DETAILED ACTION
Notice of Pre-AIA or AIA Status
The present application, filed on or after March 16, 2013, is being examined under the first inventor to file provisions of the AIA .
Claims 1-12 are pending and considered in the present Office action.
Claim Rejections - 35 USC § 103
In the event the determination of the status of the application as subject to AIA 35 U.S.C. 102 and 103 (or as subject to pre-AIA 35 U.S.C. 102 and 103) is incorrect, any correction of the statutory basis (i.e., changing from AIA to pre-AIA ) for the rejection will not be considered a new ground of rejection if the prior art relied upon, and the rationale supporting the rejection, would be the same under either status.
The following is a quotation of 35 U.S.C. 103 which forms the basis for all obviousness rejections set forth in this Office action:
A patent for a claimed invention may not be obtained, notwithstanding that the claimed invention is not identically disclosed as set forth in section 102, if the differences between the claimed invention and the prior art are such that the claimed invention as a whole would have been obvious before the effective filing date of the claimed invention to a person having ordinary skill in the art to which the claimed invention pertains.
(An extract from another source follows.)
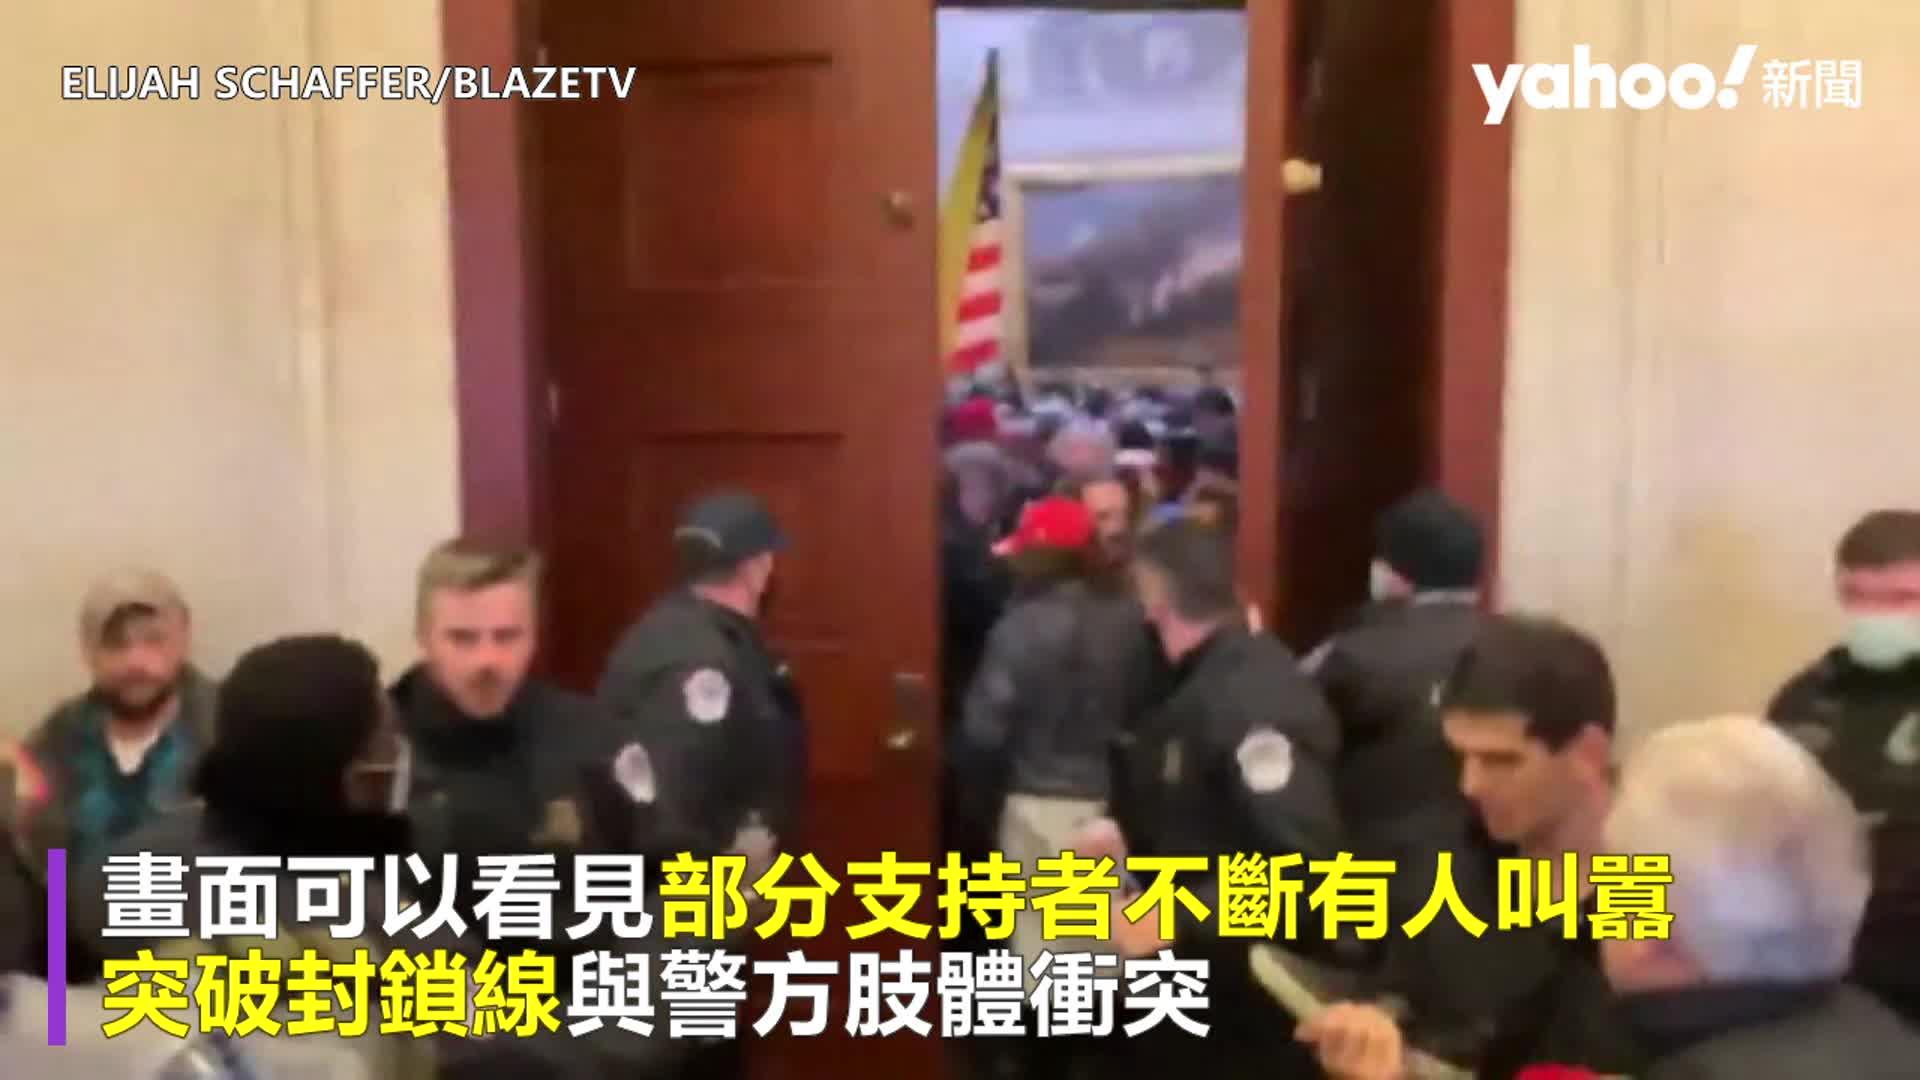 川粉攻破國會大樓 民眾破門而入爆衝突 已知4死逮52人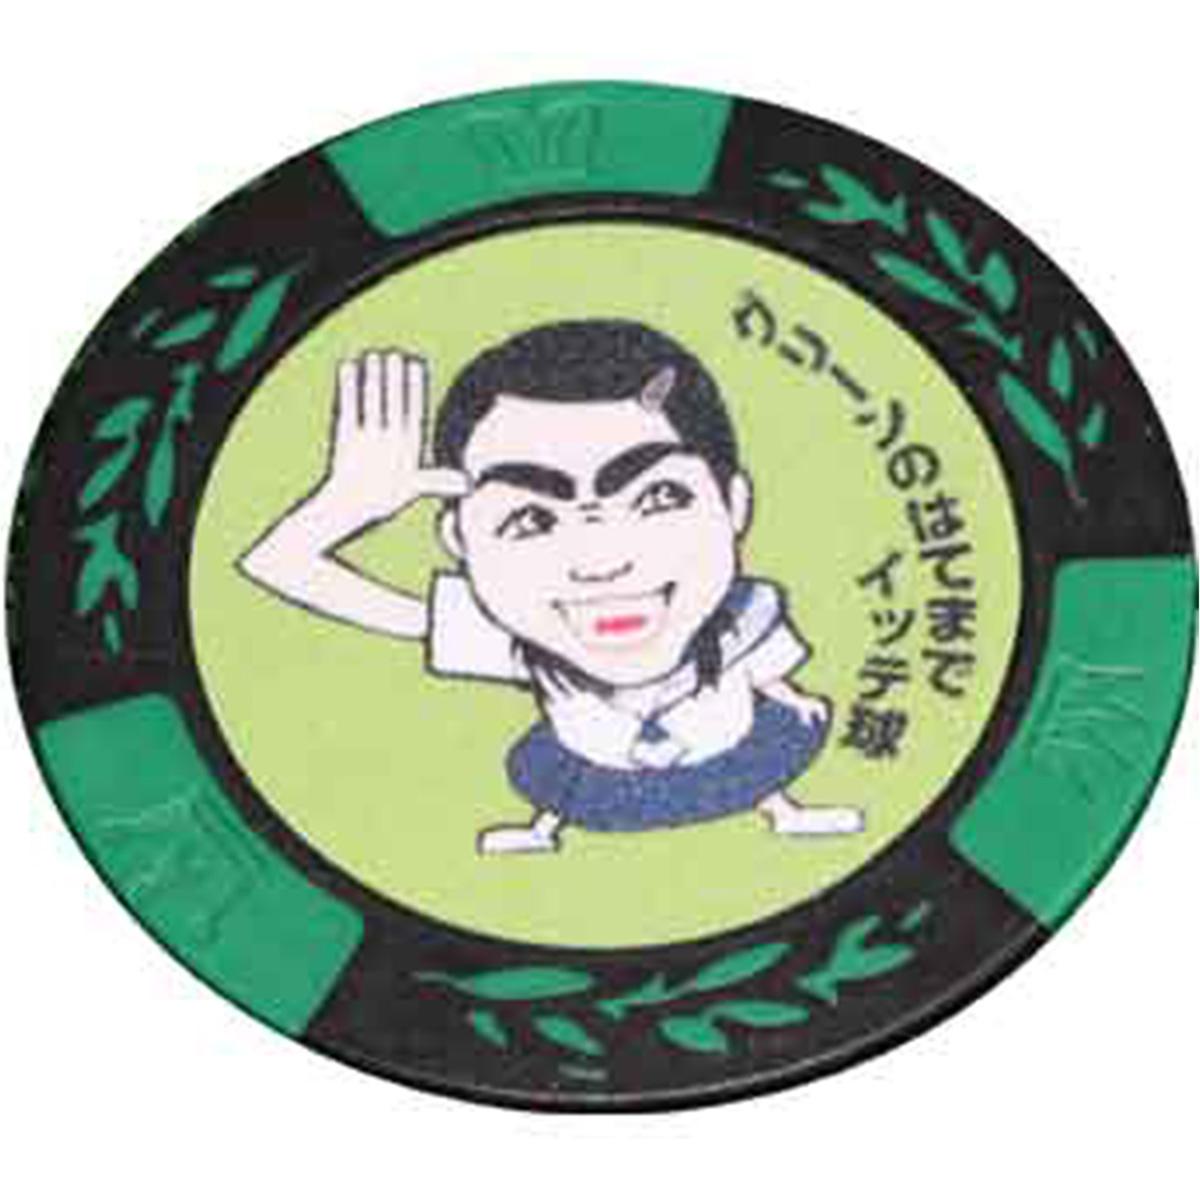 グリーンの果てまでイッテ球 カジノチップマーカー

Patentability shall not be negated by the manner in which the invention was made.
The factual inquiries for establishing a background for determining obviousness under 35 U.S.C. 103 are summarized as follows:
1. Determining the scope and contents of the prior art.
2. Ascertaining the differences between the prior art and the claims at issue.
3. Resolving the level of ordinary skill in the pertinent art.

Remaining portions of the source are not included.